Failure to Report Health Care-Associated Infections
Penalty
Summary
The facility failed to comply with the requirements of the Act 52 Infection Control Plan, specifically regarding the reporting of health care-associated infections. According to the review of ACT 52 of 2007, Chapter 4, section $1303.404, nursing homes are required to electronically report health care-associated infection data to the department and the authority using nationally recognized standards based on CDC definitions. Additionally, section §1303.405 mandates that the occurrence of a health care-associated infection in a health care facility be deemed a serious event, requiring written notification to be documented.

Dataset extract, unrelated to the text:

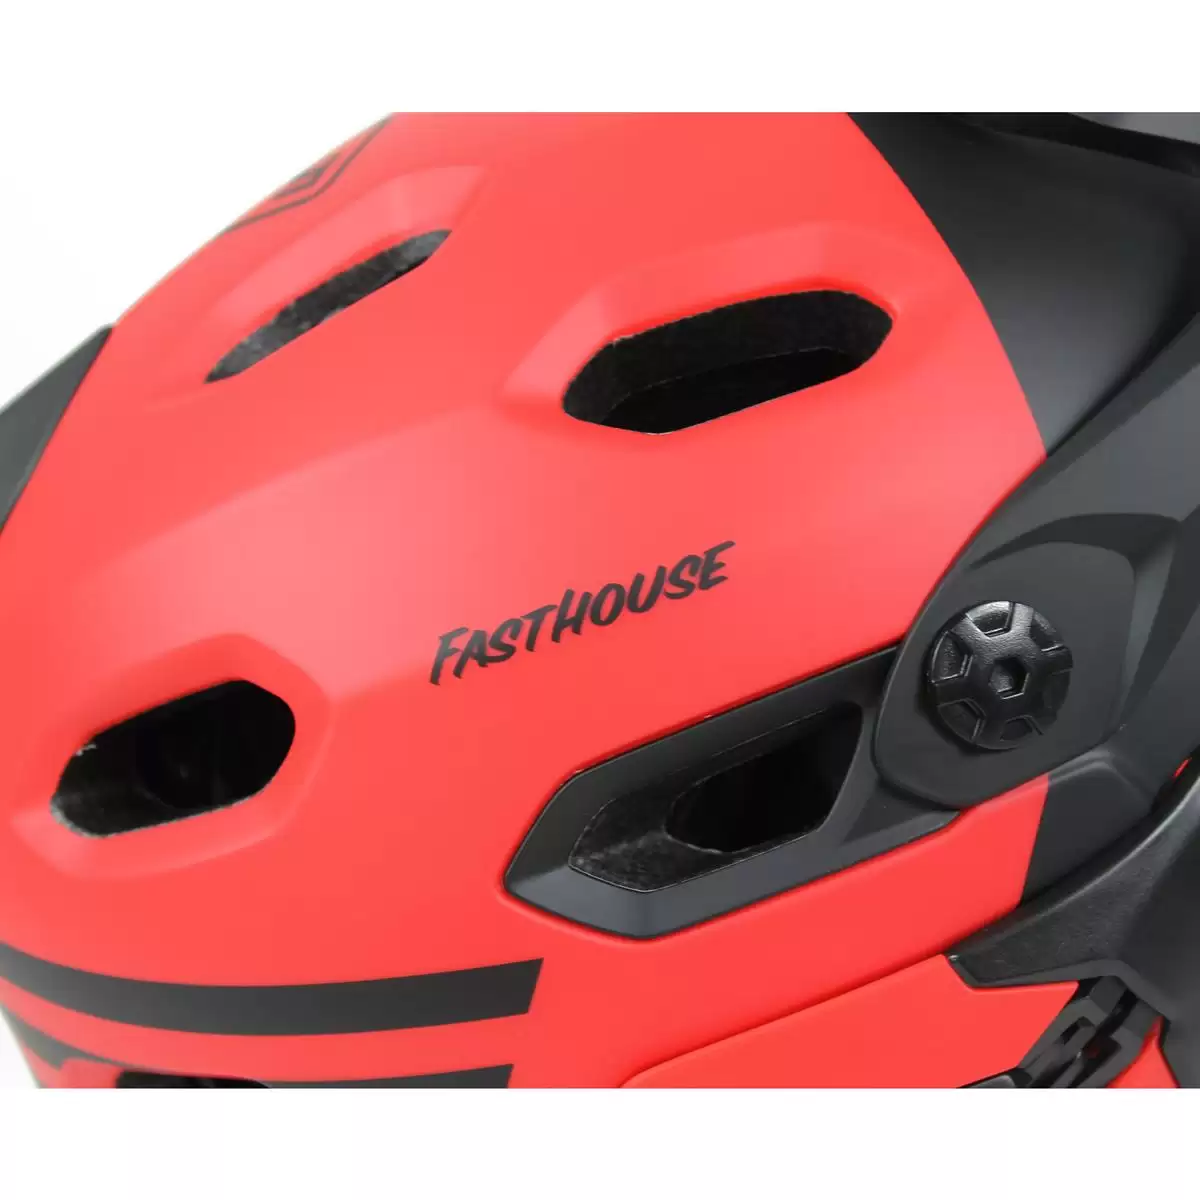 Helm Super DH MIPS Fasthouse Rot Größe S (52-56cm) #5

However, the facility was unable to provide documented evidence of reporting these infections to the Pennsylvania Patient Safety Reporting System (PA-PSRS) or of sending written notifications to residents or their responsible parties from October 2024 through January 2025. The deficiency was further highlighted during an interview with the facility's Infection Preventionist (IP) on February 11, 2025. The IP, who had been in the role since October 23, 2024, admitted to not reporting infections to PA-PSRS from the time she assumed her position until the end of January 2025. She stated that she was unaware of the requirement to report health care-associated infections to PA-PSRS until recently, indicating a lack of awareness and training regarding the facility's obligations under the Act 52 Infection Control Plan.
Plan Of Correction
Data previously collected for October 2024 through January 2025 will be retroactively entered to be captured into the Pennsylvania Patient Safety Reporting System (PA-PSRS). Residents with facility health care-associated infections reportable to the Pennsylvania Patient Safety Reporting System (PA-PSRS) as per the Act 52 Infection Control Plan have the potential to be affected. Education provided to the Infection Control Nurse by the Director of Nursing on the process for reporting health care-associated infections to the Pennsylvania Patient Safety Reporting System (PA-PSRS). Monitoring will be captured through auditing The Act 52 Infection Control Plan Pennsylvania Patient Safety Reporting System (PA-PSRS). Audits on PA-PSRS will be performed monthly for 3 months. The audits will be conducted by the Infection Control Nurse or designee. Results of the audits will be provided to the Administrator and be presented for review at the monthly Quality Assurance Improvement Committee (QAPI) meeting monthly for a period of three months. Any revisions to the audit plan will be reviewed and implemented with the coordination of the interdisciplinary team at QAPI Committee meeting.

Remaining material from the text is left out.